The GTB prediction models were also generated using 1,500 small decision trees for classification or regression, and using a randomly selected bootstrap sample set for learning (n = 74 pigs) and the remaining data (n = 74 pigs) for validation. As recommended, each tree typically contained about six terminal nodes. The model was similar to Fourier or Taylor series, which is a sum of factors that becomes progressively more accurate as the expansion continues. After each step of boosting, the algorithm scaled the newly added weights, which balanced the influence of each tree. The accuracy of the algorithm was improved by introducing randomization through training the base learner on different randomly selected samples at each iteration.

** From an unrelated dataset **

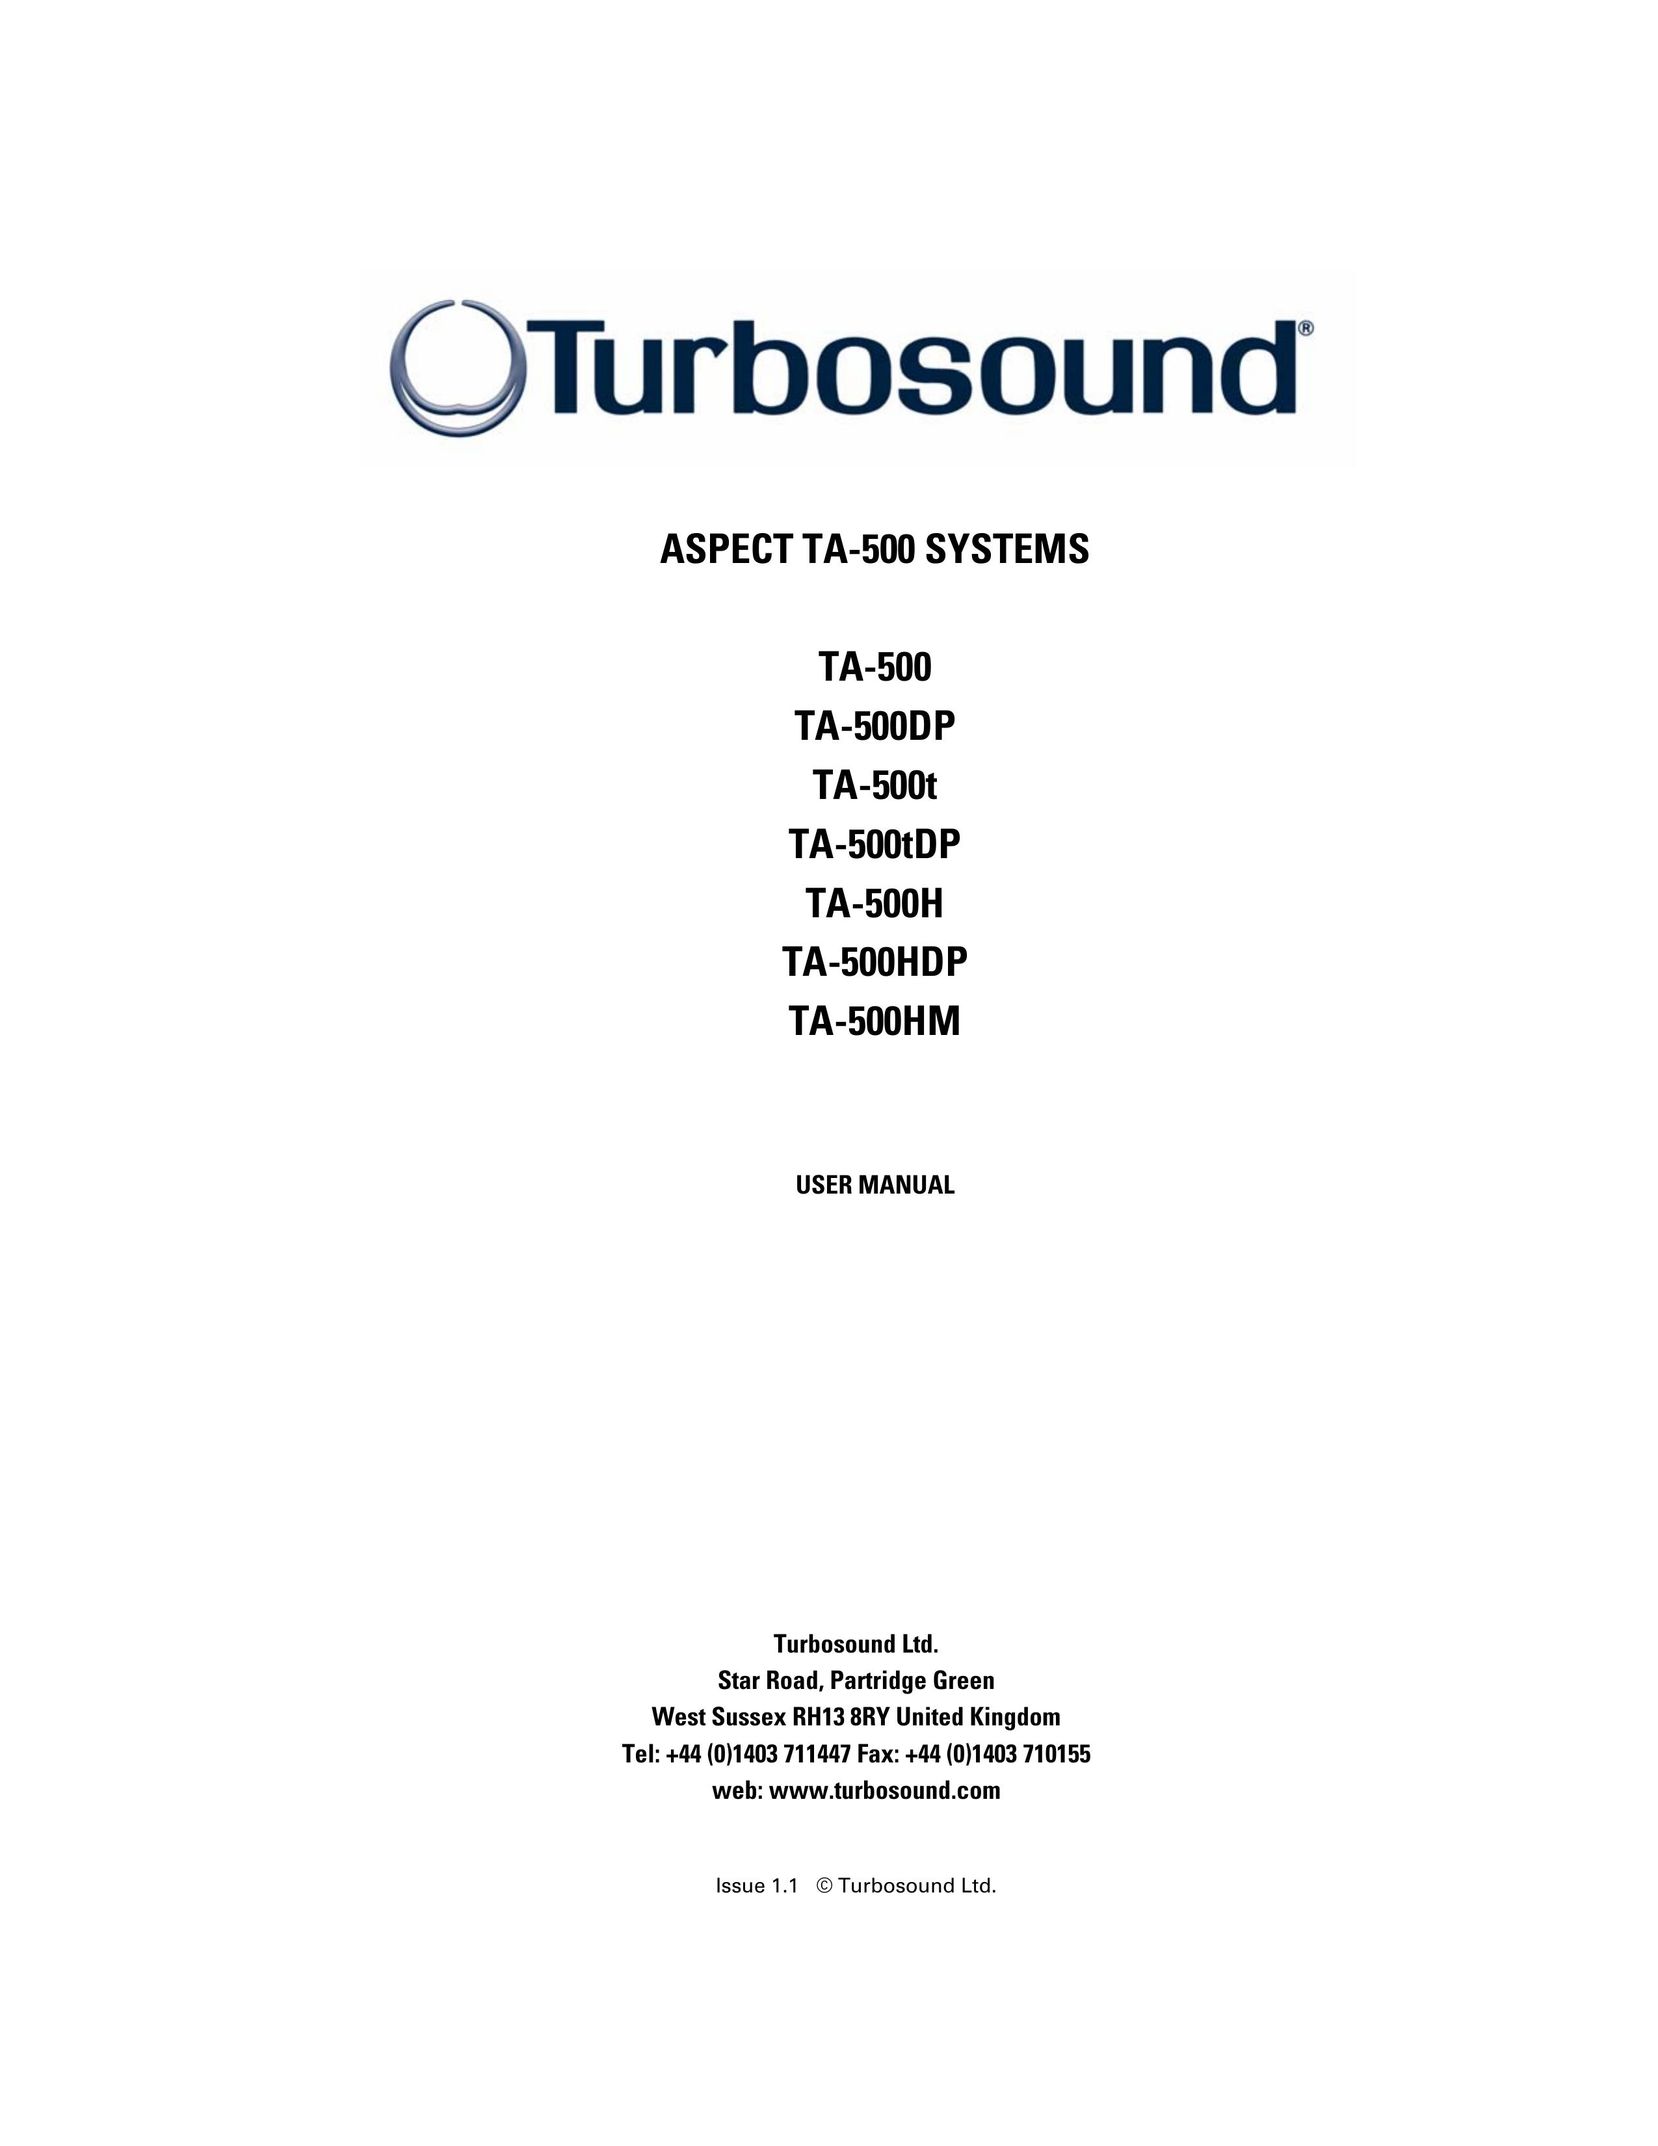 Turbosound TA-500TDP Speaker User Manual

In both procedures, significant variables were selected using the Gini index to evaluate the discriminant ability of the potential selected feature, defined as:
Gi = 1 − ∑𝑗 𝑝2 (𝑗 | 𝑡)
Where p2 (𝑗 | 𝑡) is the estimated class probability for feature 𝑡 or node 𝑡 in a decision tree and 𝑗 is an output data or class. Only the variables that improved Gini index and minimized the OOB error rate were retained as very important variables in prediction (VIP).

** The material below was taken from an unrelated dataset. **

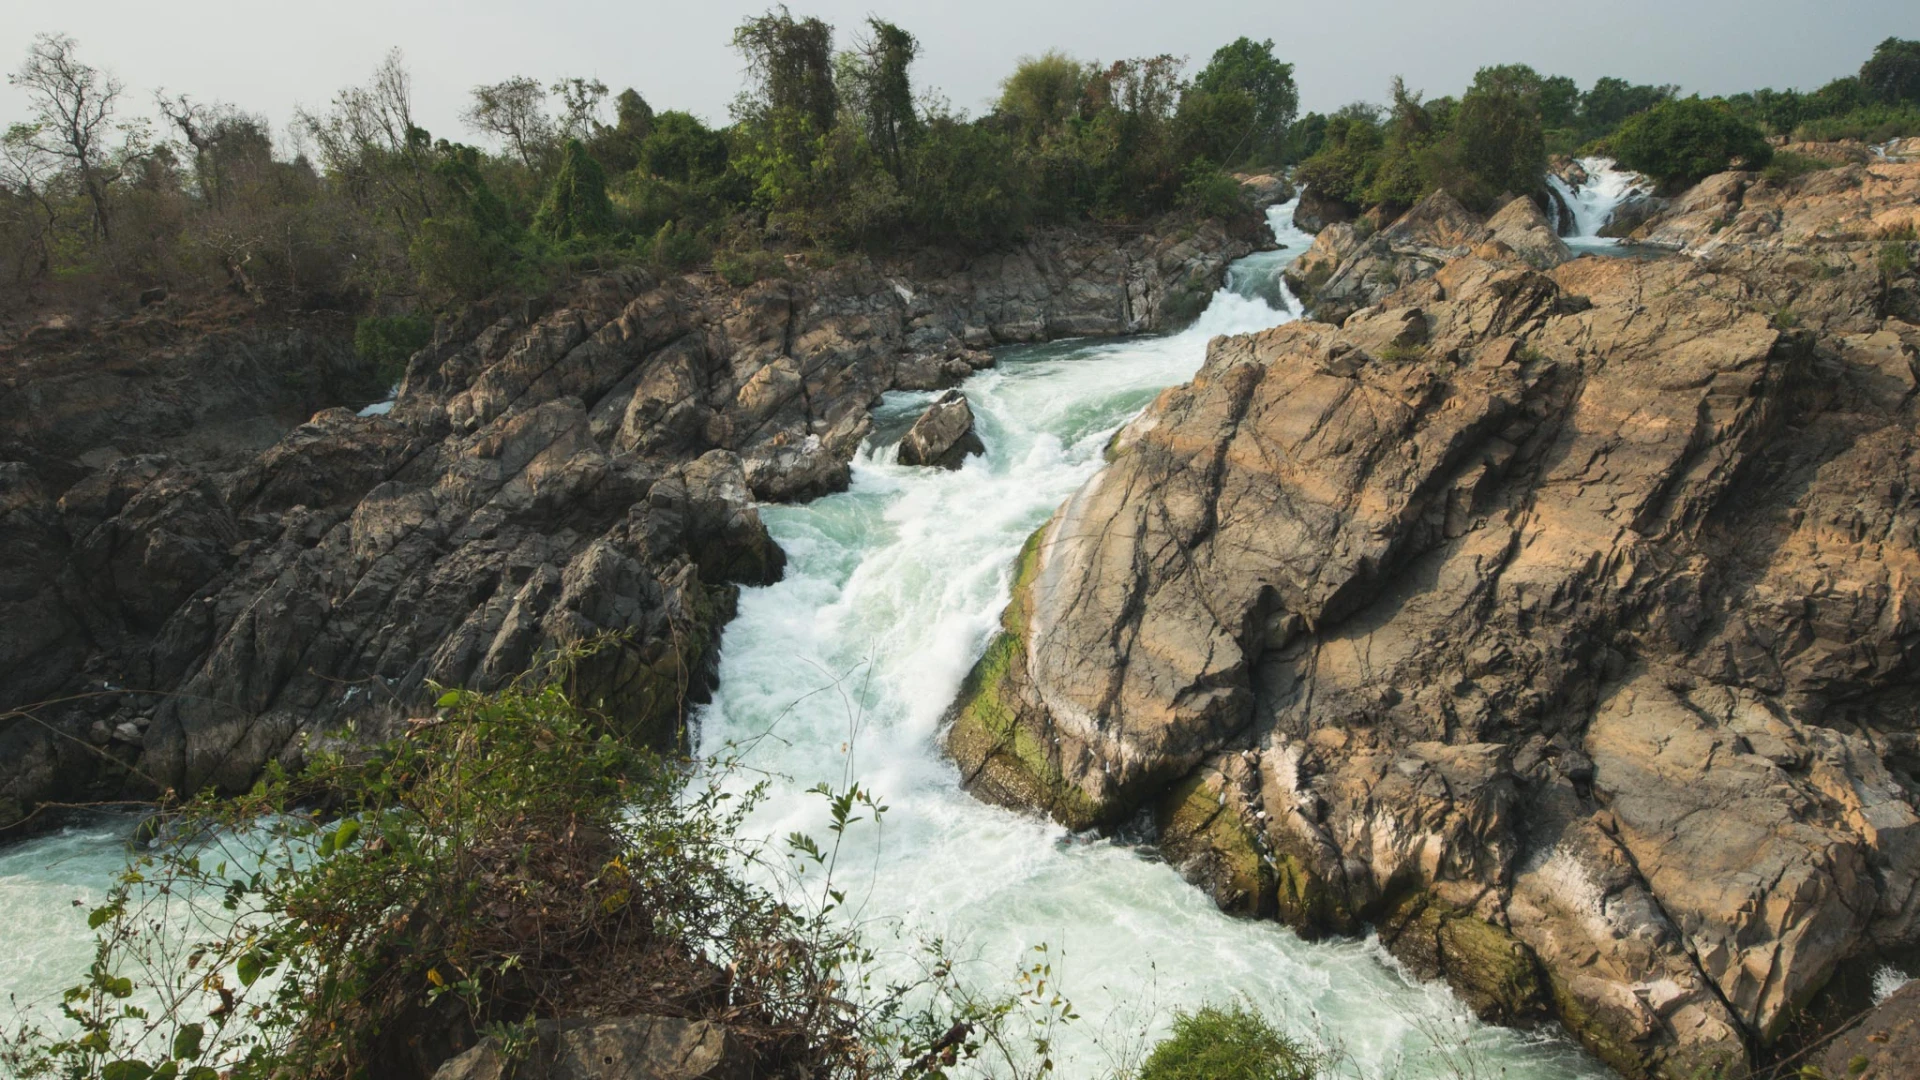 The Khon Pha Pheng Falls

Multiple runs for each ML methods were performed (ten times) to take into account variations in the observations used for the training step (using permutations and leave-one-out procedures) and the stability of the techniques. The iteration steps were also applied to reduce the number of VIP in the selected models. At each run, the accuracy of classification models was estimated with the proportion (%) of good classification and the optimal models were selected according to ROC curve. In regression, RMSE was calculated as the square root of the difference between the realized and the predicted observation within the OOB data after permuting each predictor variable in the training dataset divided by the number of trees for regression procedure. The adjusted coefficient of determination (R²) was also computed. The predicted (X) values for FCR obtained by the best GTB model and the observed (Y) values measured on the pigs were compared (X-Y) using the GLM procedure. The model was considered unbiased when the intercept obtained by the GLM model was not different from 0 and the slope was not significantly different from 1. The quality of the relationships was evaluated on the basis of RMSE of prediction (RMSEP) obtained by a leave-one-out cross-validation from the value of the predicted residual sum of squares.
Pathway Enrichment Analysis
Gene-annotation enrichment analyses among the VIP identified for binary classification of pigs on RFI and for prediction of FCR were performed on encoded genes by using DAVID bioinformatics tool on default settings [46].